- Directed by: Eliza Hooper
- Written by: Reid Collums
- Produced by: Tiana Armstrong; Alec Gillis; Aaron Kybartas; Tom Woodruff Jr.;
- Starring: Keisha Castle-Hughes; Lance E. Nichols; Camille Balsamo; Siena D'Addario;
- Production company: Amalgamated Dynamics
- Release date: March 24, 2025;
- Country: United States
- Language: English

= Wellwood (film) =

American science-fiction film

Wellwood is a 2025 science fiction film directed by Eliza Hooper.

== Premise ==
The film centers around a married couple Laura and Nick. Laura is diagnosed with terminal illness.
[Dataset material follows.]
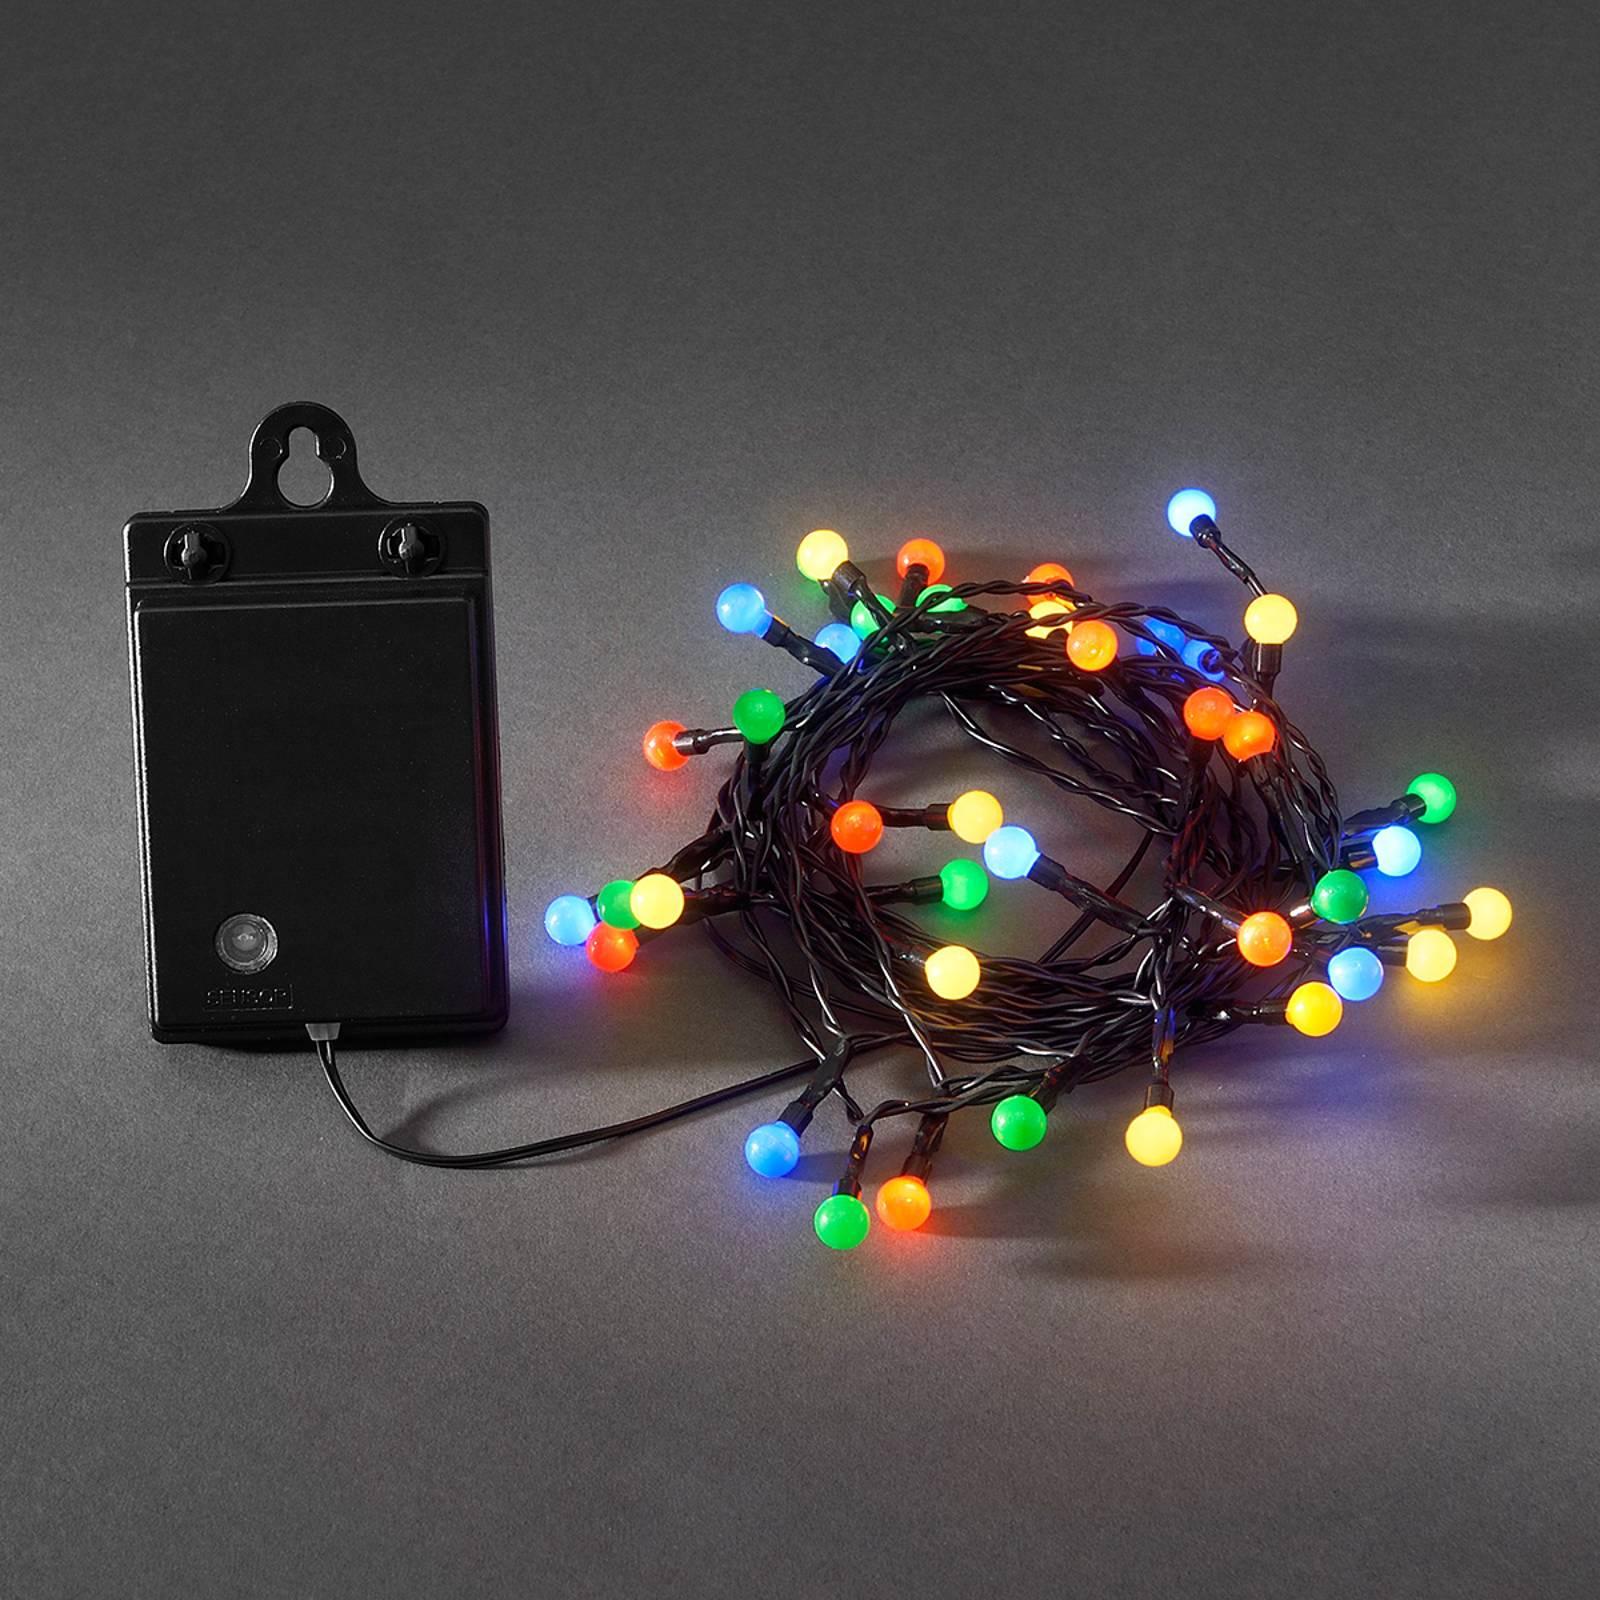 Image of Guirlande lumin. LED multicolore à 40 lampes RVB 07318303740503

Nick makes an extraterrestrial discovery that he decides will cure his wife.

== Cast ==
- Keisha Castle-Hughes as Deputy Gracie Marsh
- Lance E. Nichols as Sheriff Bradley
- Camielle Balsamo as Laura Harper
- Sienna D'Addario as Victoria
- Reid Collums as Nick Harper

== Production ==
The film began production in early 2018 in New Orleans. The film is directed by Eliza Hooper with the film being Hooper's first major project as director. The film hails from Amalgamated Dynamics based in Southern California. Tiana Armstrong, Alec Gillis, Aaron Kybartas and Tom Woodruff Jr. served as executive producers. The film was edited by Matthew Ellena. Music for the film comes from American composer/singer-songwriter Xander Singh. Cinematographer Daniel Kenji Levin oversaw the film's cinematography and sound mixers Bryn Scott Hubbard and Devin Lawrence as well as foley artist Reece Miller comprised the film's sound department.